=== Records shown ===

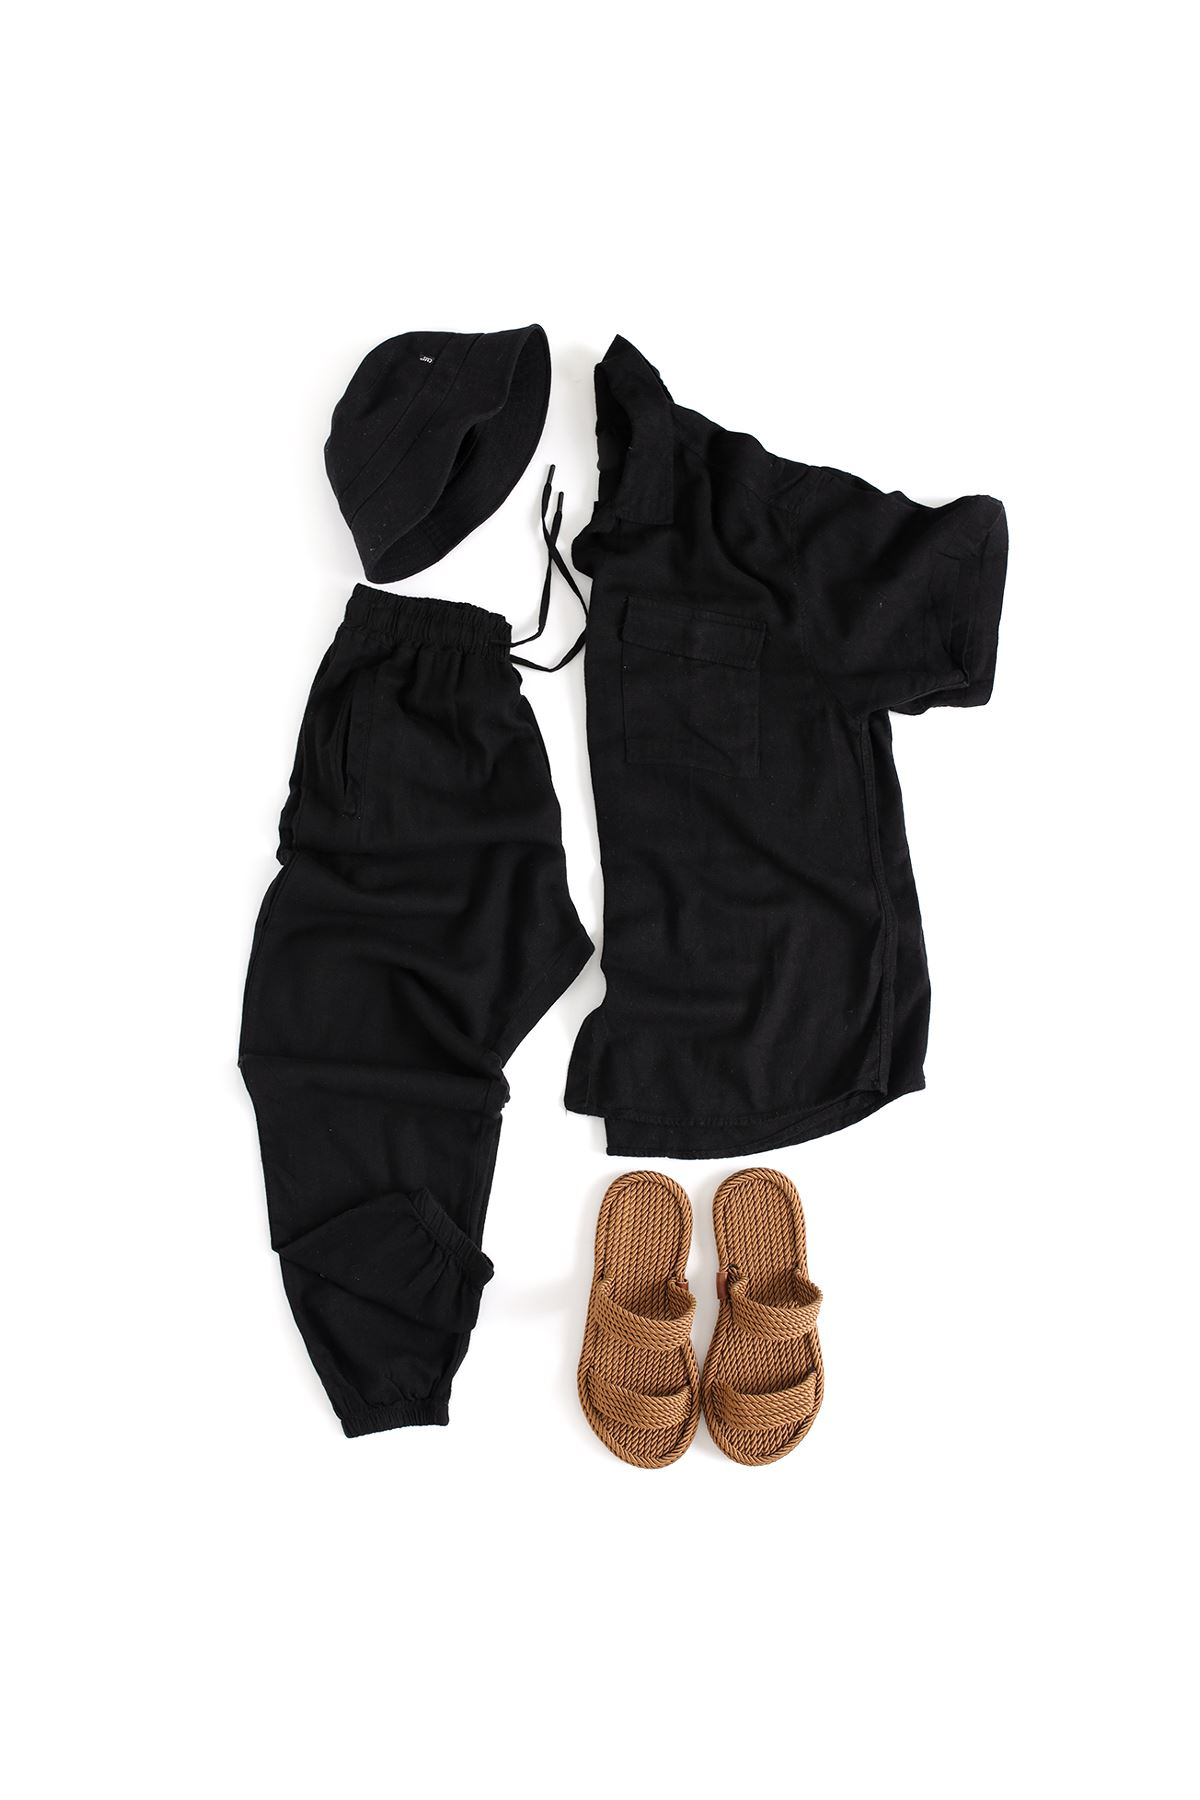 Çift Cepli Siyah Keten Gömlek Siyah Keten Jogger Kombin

===
=== Records shown ===

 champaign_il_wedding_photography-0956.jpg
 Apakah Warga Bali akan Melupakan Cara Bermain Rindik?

===
=== Records shown ===

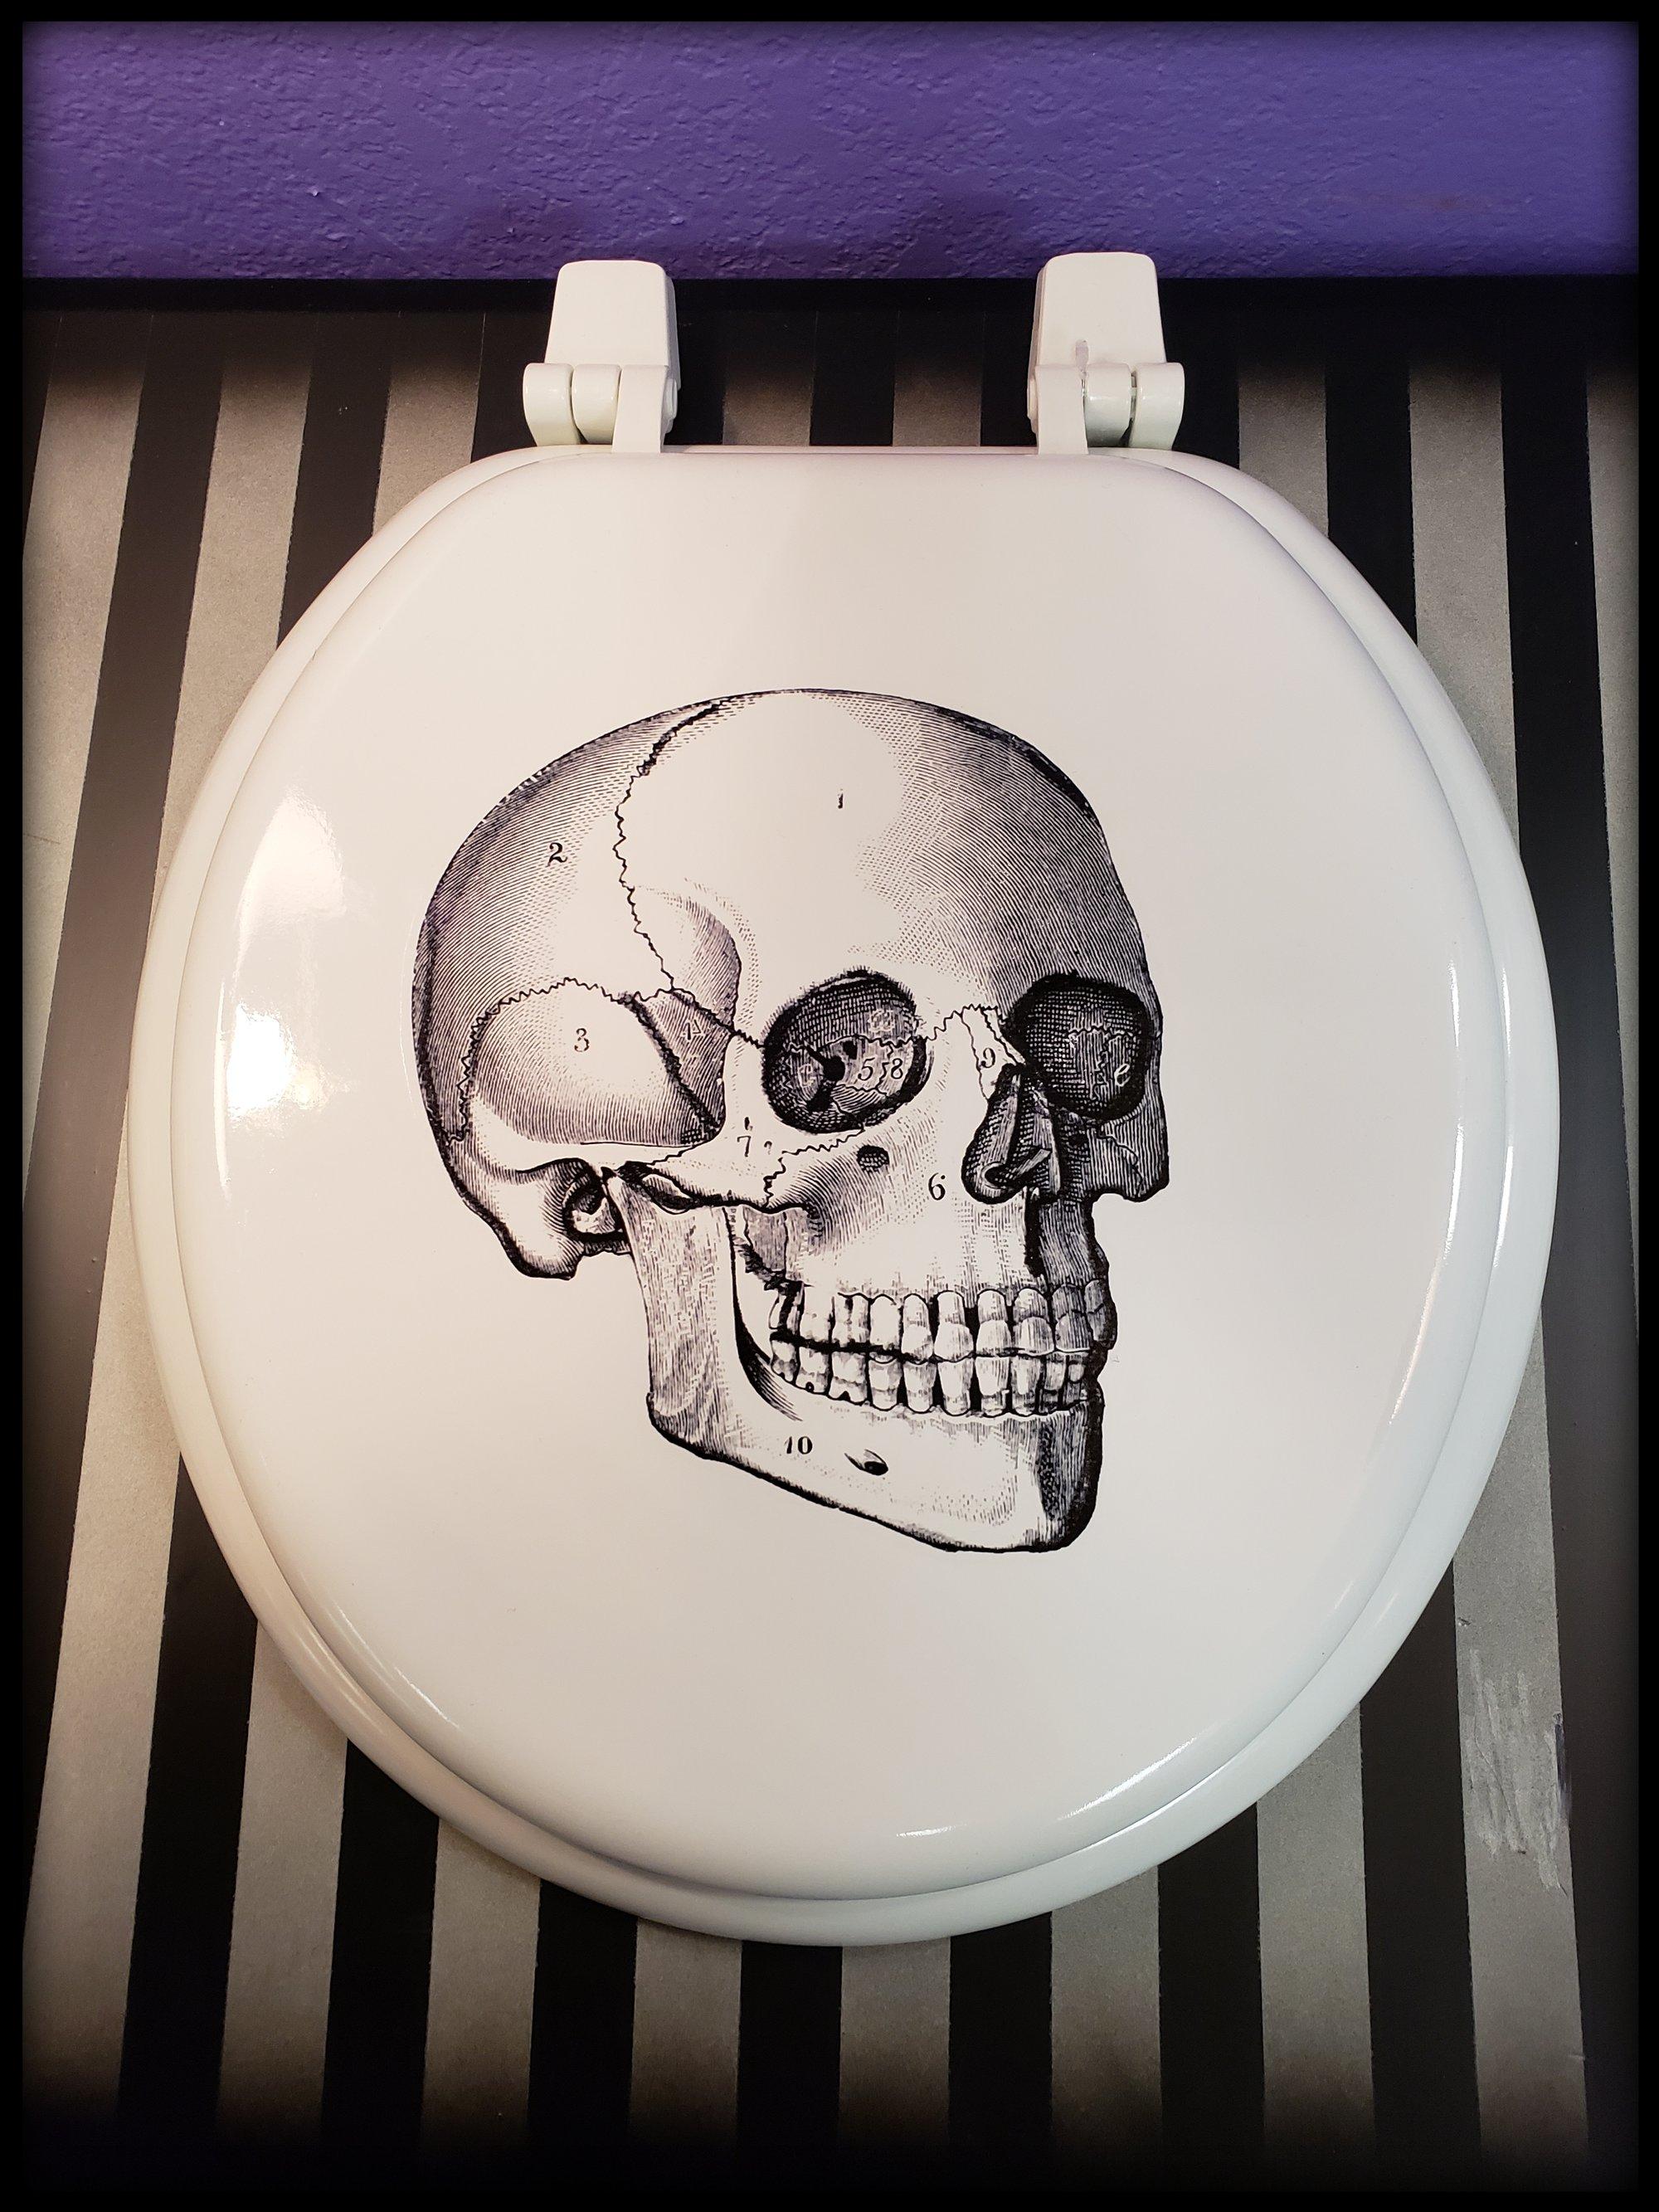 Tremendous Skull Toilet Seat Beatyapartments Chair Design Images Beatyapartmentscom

===

About this exercise:
Repeat the entries above verbatim, but only from the line that has "champaign_il_wedding_photography-0956.jpg" down to the line that has "Apakah Warga Bali", inclusive.

Written answer:
 champaign_il_wedding_photography-0956.jpg
 Apakah Warga Bali akan Melupakan Cara Bermain Rindik?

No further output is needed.